## TASK DIRECTIONS
Take the lines from the one with "AIWA RS-44 Pocket" to the end of the listing, both ends included, and quote them exactly, leaving pictures out.

## RECORDED INFORMATION

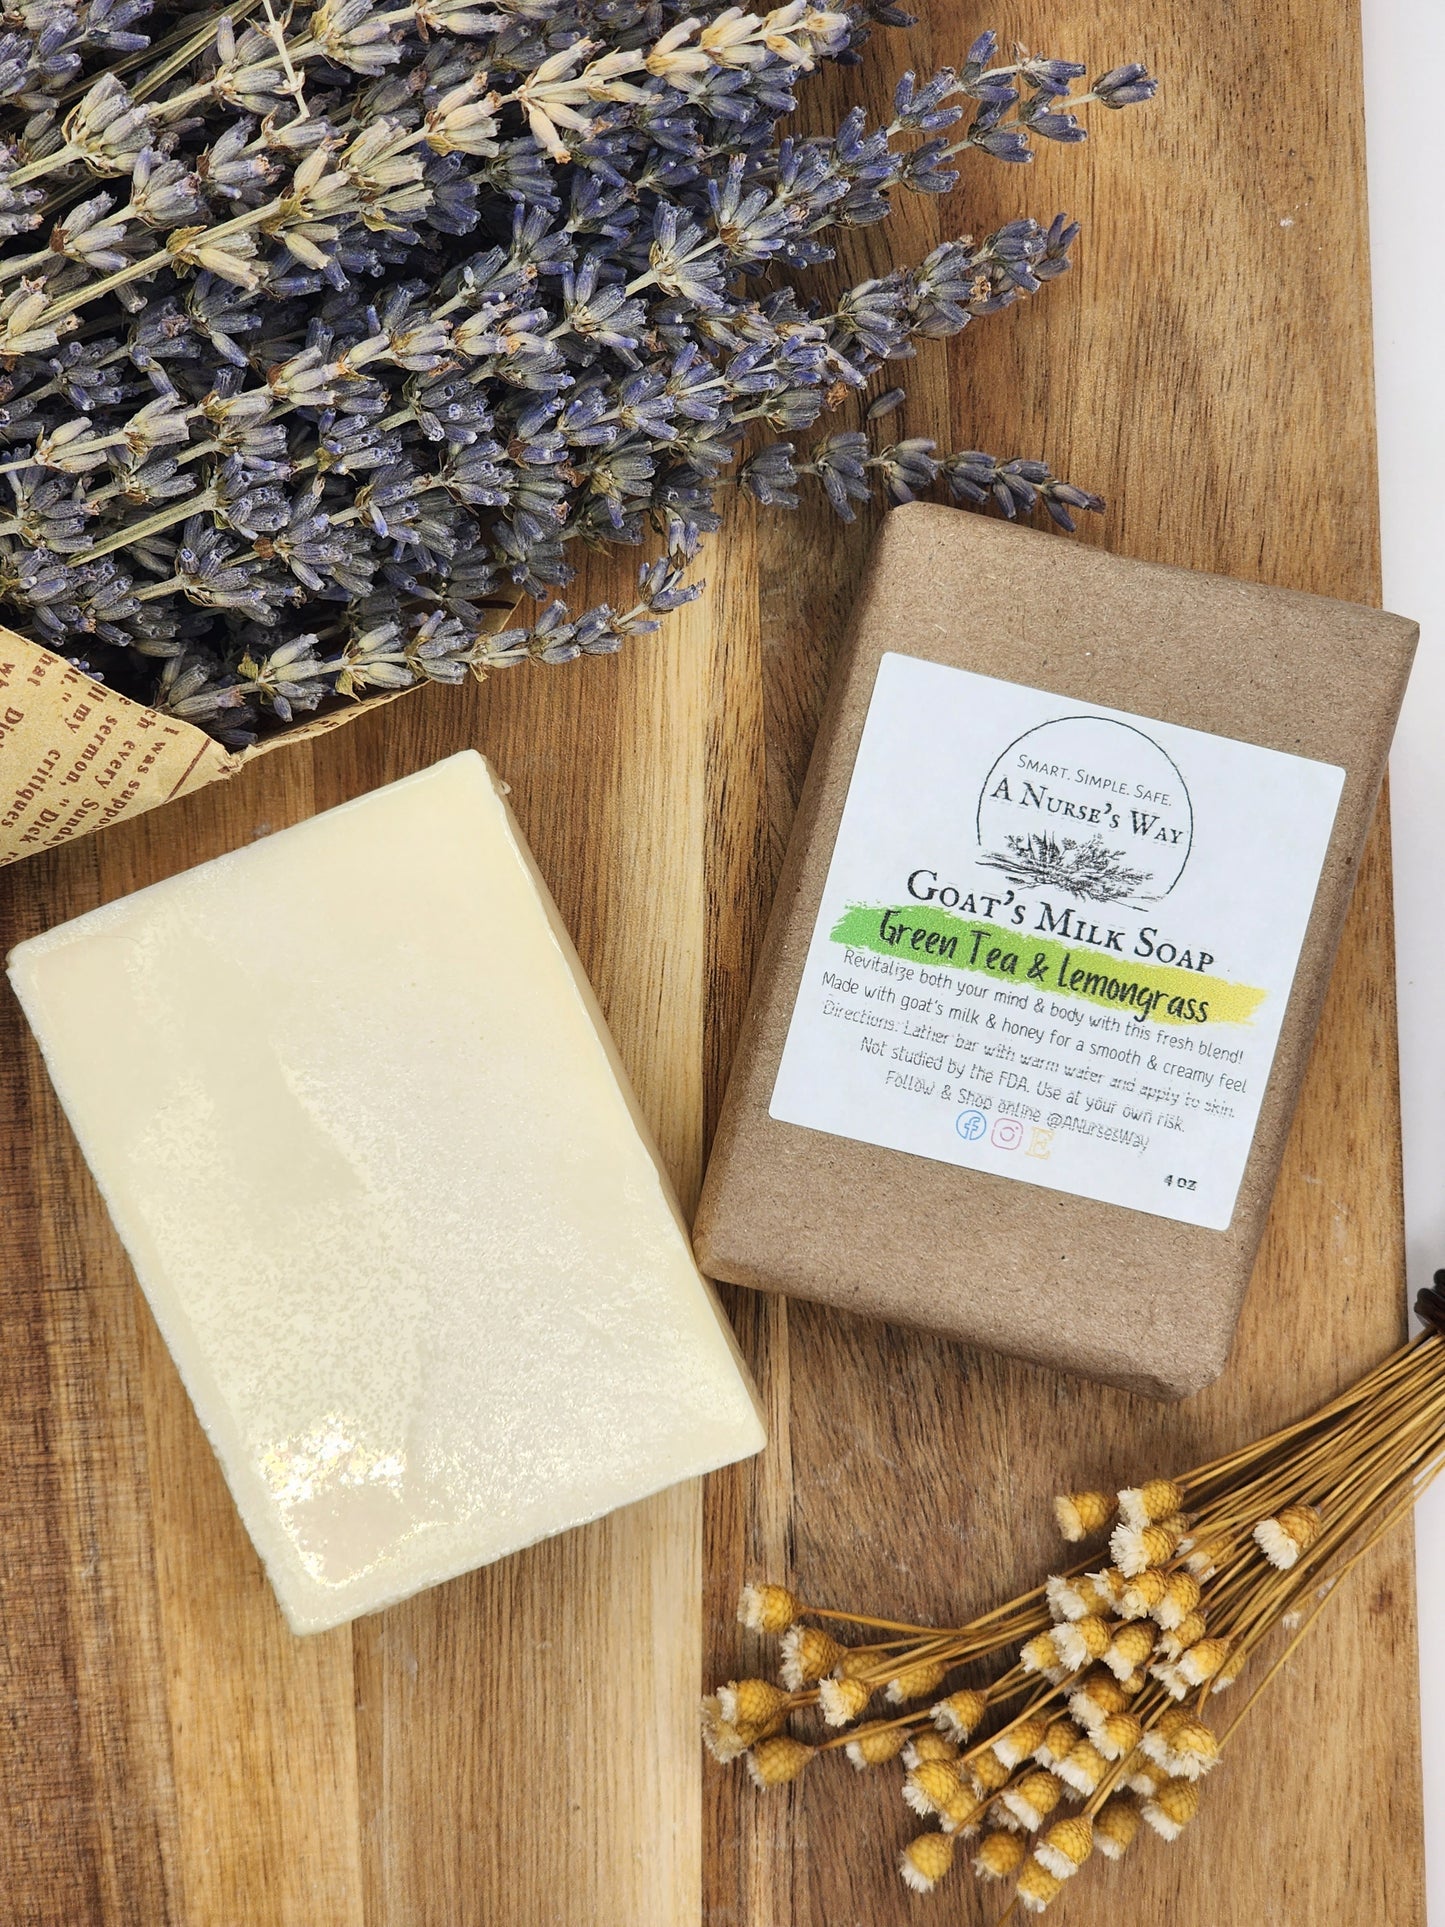 Green Tea & Lemongrass Goat's Milk Soap & Lotion
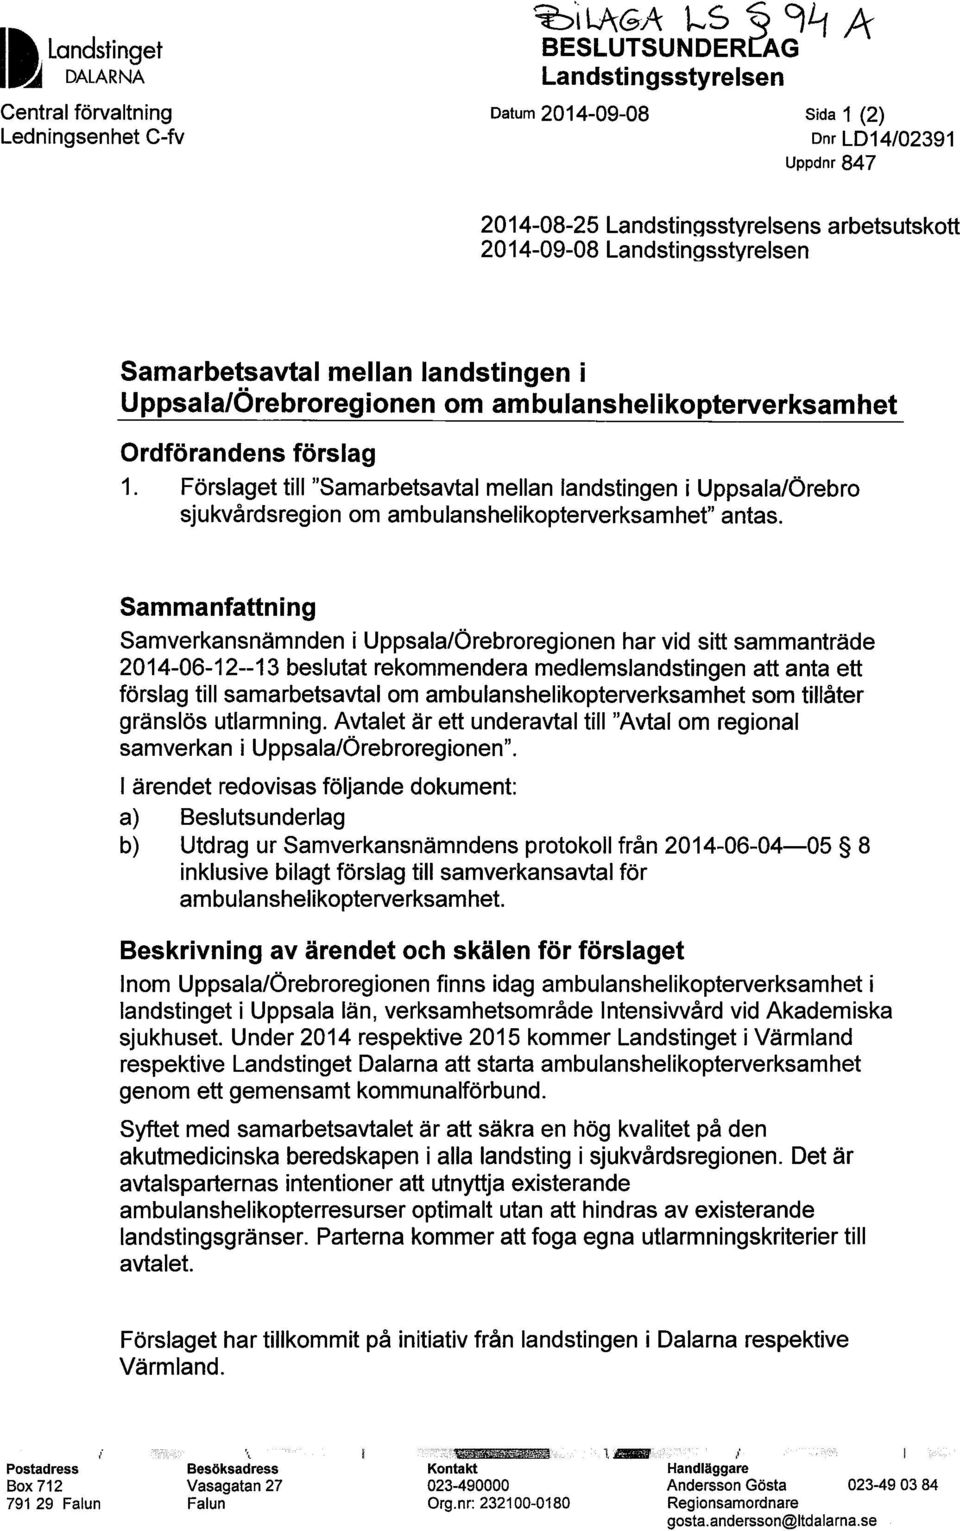 Förslaget till "Samarbetsavtal mellan landstingen i Uppsala/Örebro sjukvårdsregion om ambulanshelikopterverksamhet" antas.
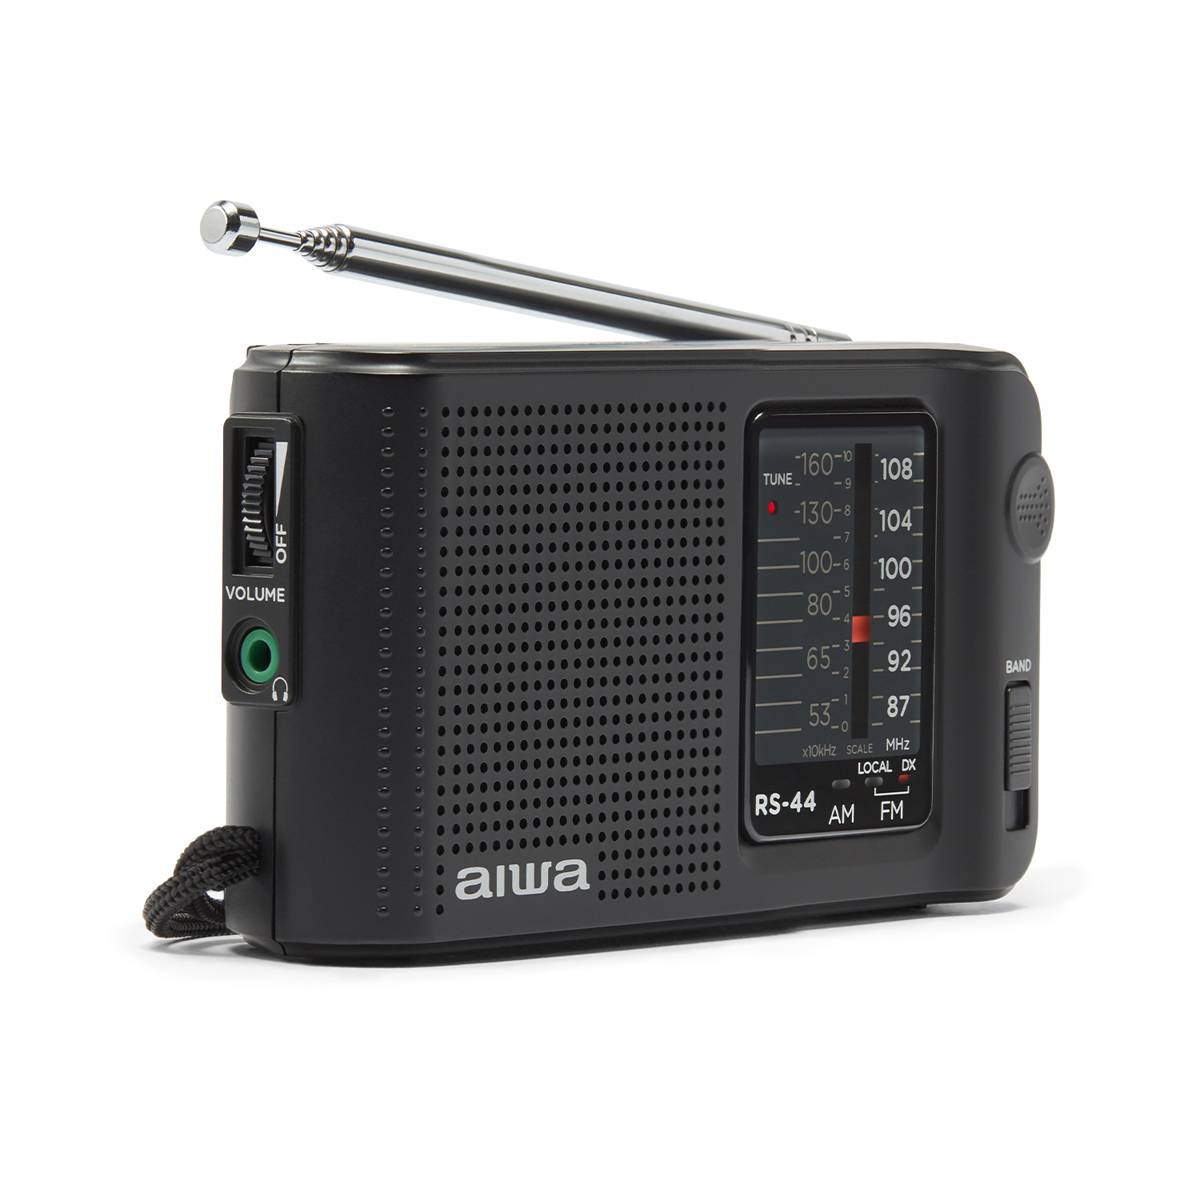 AIWA RS-44 Pocket RADIO, BLACK Radio PORTABLE FM
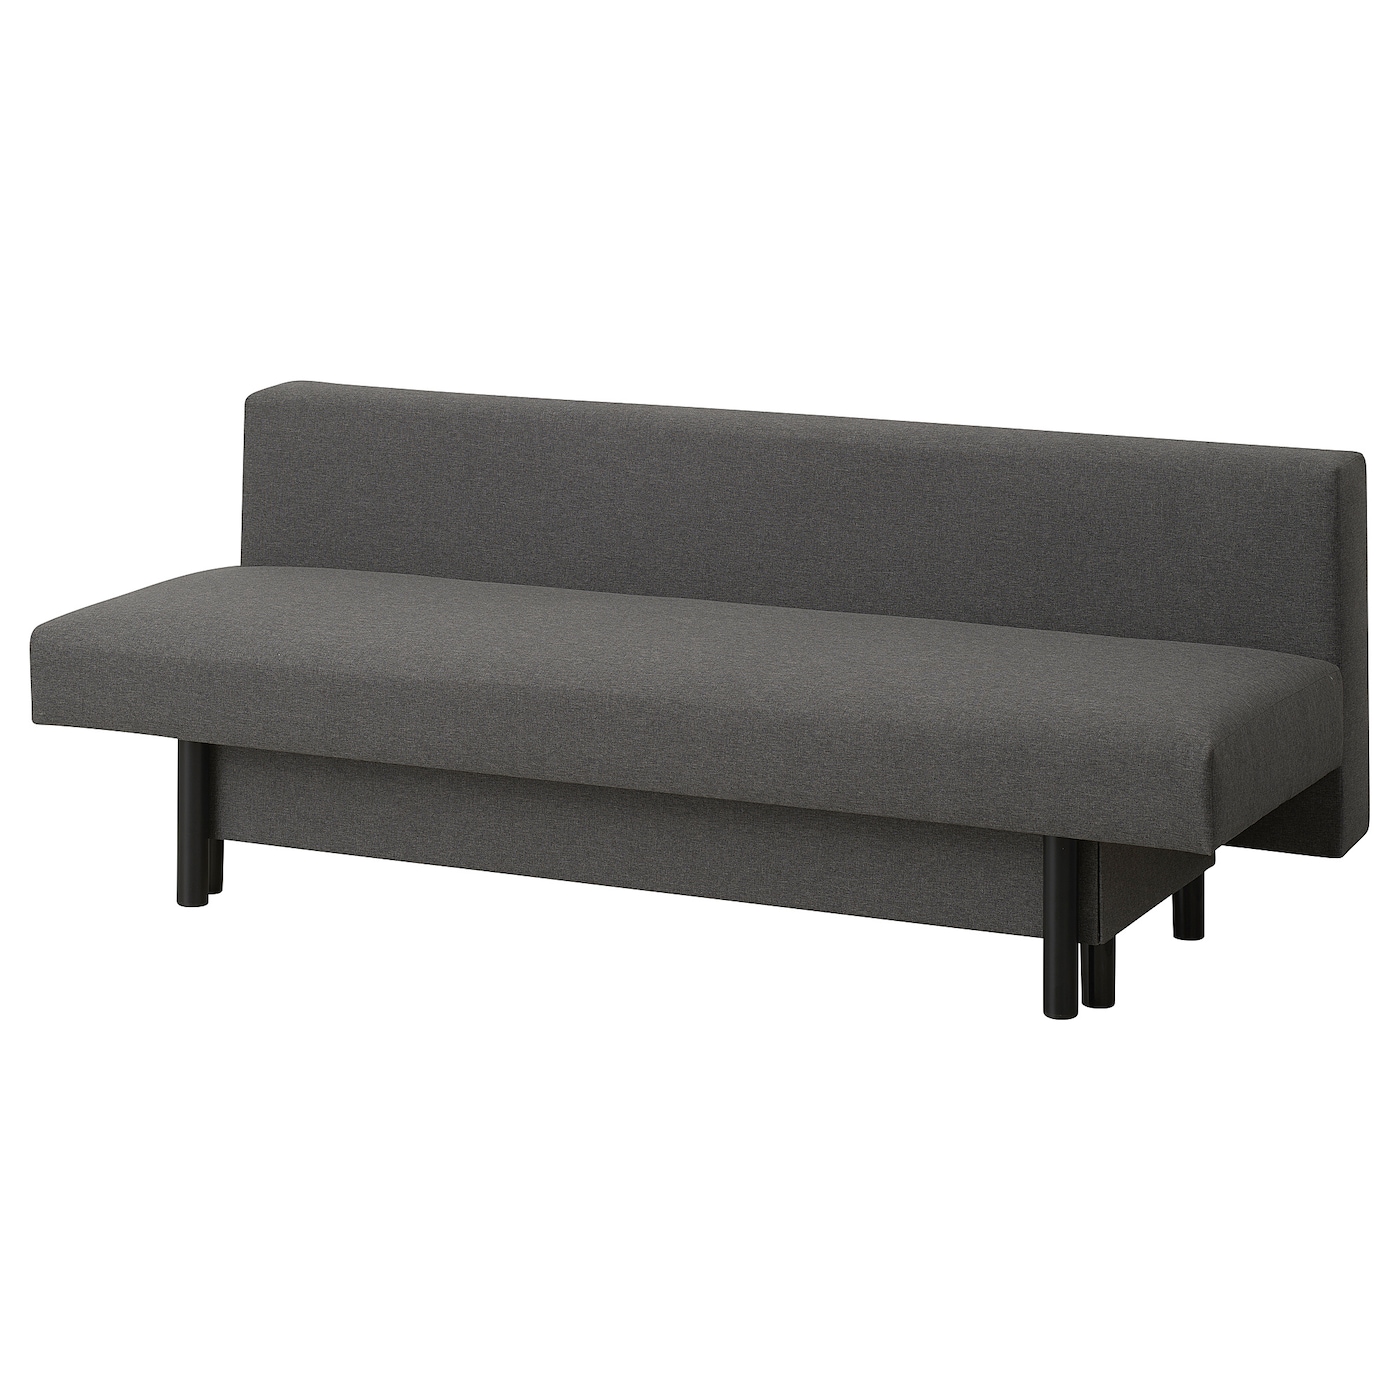 3-местный диван-кровать - IKEA RÄFSTA/RAFSTA, 71x95x194см, серый, РАФСТА ИКЕА

## RESULT OF THIS TASK
 AIWA RS-44 Pocket RADIO, BLACK Radio PORTABLE FM
 3-местный диван-кровать - IKEA RÄFSTA/RAFSTA, 71x95x194см, серый, РАФСТА ИКЕА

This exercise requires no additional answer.